The theorem of parallel axis is given as:
\[{I_{AB}} = I + M{h^2}\]
\[{I_{AB}}\]is the moment of inertia of a body parallel to \[I\] and at a distance \[h\]from it.
Theorem of perpendicular axis is:
\[{I_z} = {I_x} + {I_y}\]

Complete step by step answer:

We are given the moment of inertia of a square lamina about the perpendicular axis through its centre of mass to be
\[{I_z} = 20kg - {m^2}\]
Here ${I_z}$ is the Moment of Inertia of a square lamina whose axis is passing through the centre and perpendicular to it.
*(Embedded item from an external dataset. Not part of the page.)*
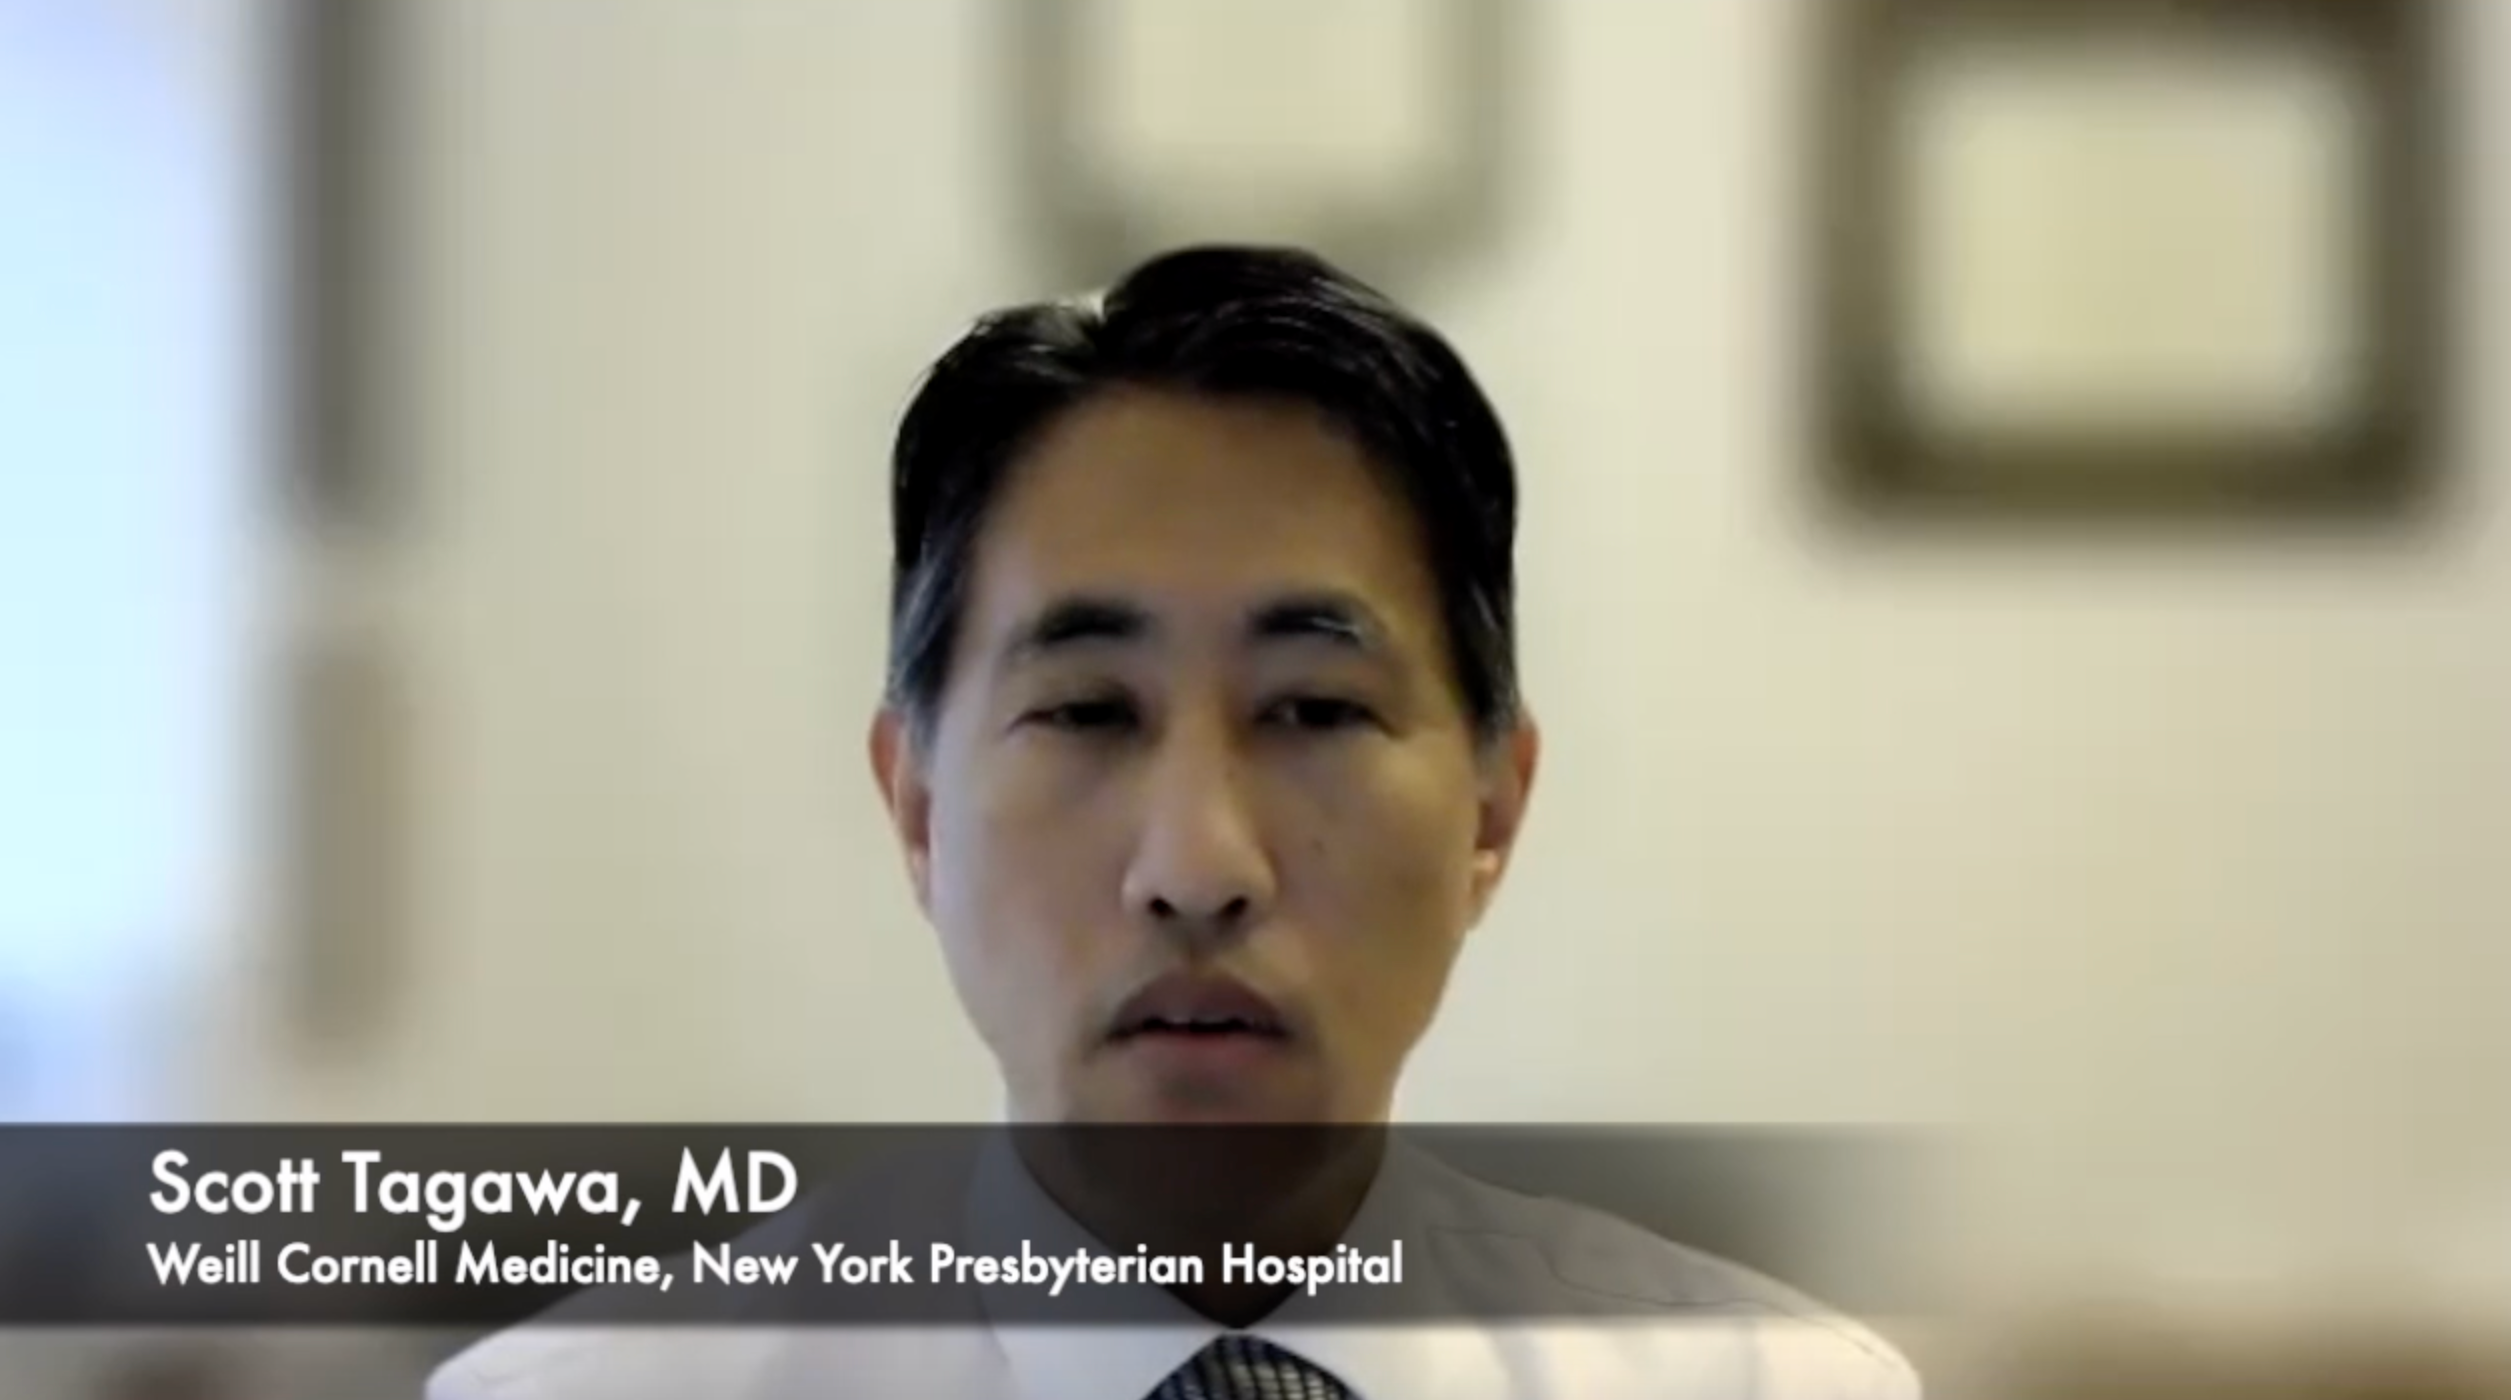 Scott Tagawa, MD, spoke about the implications of the results from his research on treatment patterns of patients with metastatic castration-sensitive prostate cancer, as well as the need for further studies with other data sets.

It can be given as follows:
\[{I_z} = I = \dfrac{{M{L^2}}}{6} = 20\]
From this expression, we get that
\[M{L^2} = 120\]
Now we will use the perpendicular axis theorem. Since the lamina has a shape of square, we have \[{I_x} = {I_y}\]
\[{I_z} = 2{I_x} = 20\]
 \[{I_x} = 10\]
Now, using the parallel axis theorem we will find the axis parallel to \[{I_x}\]:
\[{I_{AB}} = {I_x} + M{(\dfrac{L}{2})^2}\]
\[{I_{AB}} = 10 + \dfrac{{M{L^2}}}{4}\]
\[{I_{AB}} = 10 + \dfrac{{120}}{4}\]
\[{I_{AB}} = 40kg - {m^2}\]
This is the required answer. Hence the correct answer is option C.

Note: In the parallel axis theorem the moment of inertia of the axis perpendicular to the centre of mass should be known in order to find the Moment of inertia for a parallel axis which is ‘h’ distance apart or vice versa. Means of the two parallel axis one should be passing through the Centre of mass of the rotating body.